Exercise description
Write each entry out once more, please, precisely as shown.

--- Given data Enclosed Below ---

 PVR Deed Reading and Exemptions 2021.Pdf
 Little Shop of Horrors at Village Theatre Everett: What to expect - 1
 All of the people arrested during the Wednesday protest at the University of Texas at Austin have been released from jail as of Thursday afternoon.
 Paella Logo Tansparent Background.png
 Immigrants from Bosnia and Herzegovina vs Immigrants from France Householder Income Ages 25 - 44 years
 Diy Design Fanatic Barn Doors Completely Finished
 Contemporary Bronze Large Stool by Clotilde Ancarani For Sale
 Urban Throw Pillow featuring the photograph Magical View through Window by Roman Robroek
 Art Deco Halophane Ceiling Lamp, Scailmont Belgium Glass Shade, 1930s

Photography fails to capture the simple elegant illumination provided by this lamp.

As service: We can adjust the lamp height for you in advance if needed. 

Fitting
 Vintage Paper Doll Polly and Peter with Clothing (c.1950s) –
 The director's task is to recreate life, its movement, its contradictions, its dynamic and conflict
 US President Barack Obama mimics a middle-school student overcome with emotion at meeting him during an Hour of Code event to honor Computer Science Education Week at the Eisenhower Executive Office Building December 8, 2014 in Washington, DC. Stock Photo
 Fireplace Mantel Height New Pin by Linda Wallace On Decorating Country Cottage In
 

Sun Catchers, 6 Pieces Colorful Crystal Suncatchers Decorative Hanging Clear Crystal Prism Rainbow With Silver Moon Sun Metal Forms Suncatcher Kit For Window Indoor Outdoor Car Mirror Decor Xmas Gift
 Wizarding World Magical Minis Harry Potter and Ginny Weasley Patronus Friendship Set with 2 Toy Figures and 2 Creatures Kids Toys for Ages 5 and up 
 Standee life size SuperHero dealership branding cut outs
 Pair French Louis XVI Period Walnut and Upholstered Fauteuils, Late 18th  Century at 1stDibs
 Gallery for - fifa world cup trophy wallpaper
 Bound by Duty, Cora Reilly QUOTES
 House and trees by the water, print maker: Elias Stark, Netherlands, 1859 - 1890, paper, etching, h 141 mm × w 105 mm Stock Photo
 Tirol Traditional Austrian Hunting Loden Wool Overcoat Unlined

--- End of Enclosed Given data ---

Reply to the task
 PVR Deed Reading and Exemptions 2021.Pdf
 Little Shop of Horrors at Village Theatre Everett: What to expect - 1
 All of the people arrested during the Wednesday protest at the University of Texas at Austin have been released from jail as of Thursday afternoon.
 Paella Logo Tansparent Background.png
 Immigrants from Bosnia and Herzegovina vs Immigrants from France Householder Income Ages 25 - 44 years
 Diy Design Fanatic Barn Doors Completely Finished
 Contemporary Bronze Large Stool by Clotilde Ancarani For Sale
 Urban Throw Pillow featuring the photograph Magical View through Window by Roman Robroek
 Art Deco Halophane Ceiling Lamp, Scailmont Belgium Glass Shade, 1930s

Photography fails to capture the simple elegant illumination provided by this lamp.

As service: We can adjust the lamp height for you in advance if needed. 

Fitting
 Vintage Paper Doll Polly and Peter with Clothing (c.1950s) –
 The director's task is to recreate life, its movement, its contradictions, its dynamic and conflict
 US President Barack Obama mimics a middle-school student overcome with emotion at meeting him during an Hour of Code event to honor Computer Science Education Week at the Eisenhower Executive Office Building December 8, 2014 in Washington, DC. Stock Photo
 Fireplace Mantel Height New Pin by Linda Wallace On Decorating Country Cottage In
 

Sun Catchers, 6 Pieces Colorful Crystal Suncatchers Decorative Hanging Clear Crystal Prism Rainbow With Silver Moon Sun Metal Forms Suncatcher Kit For Window Indoor Outdoor Car Mirror Decor Xmas Gift
 Wizarding World Magical Minis Harry Potter and Ginny Weasley Patronus Friendship Set with 2 Toy Figures and 2 Creatures Kids Toys for Ages 5 and up 
 Standee life size SuperHero dealership branding cut outs
 Pair French Louis XVI Period Walnut and Upholstered Fauteuils, Late 18th  Century at 1stDibs
 Gallery for - fifa world cup trophy wallpaper
 Bound by Duty, Cora Reilly QUOTES
 House and trees by the water, print maker: Elias Stark, Netherlands, 1859 - 1890, paper, etching, h 141 mm × w 105 mm Stock Photo
 Tirol Traditional Austrian Hunting Loden Wool Overcoat Unlined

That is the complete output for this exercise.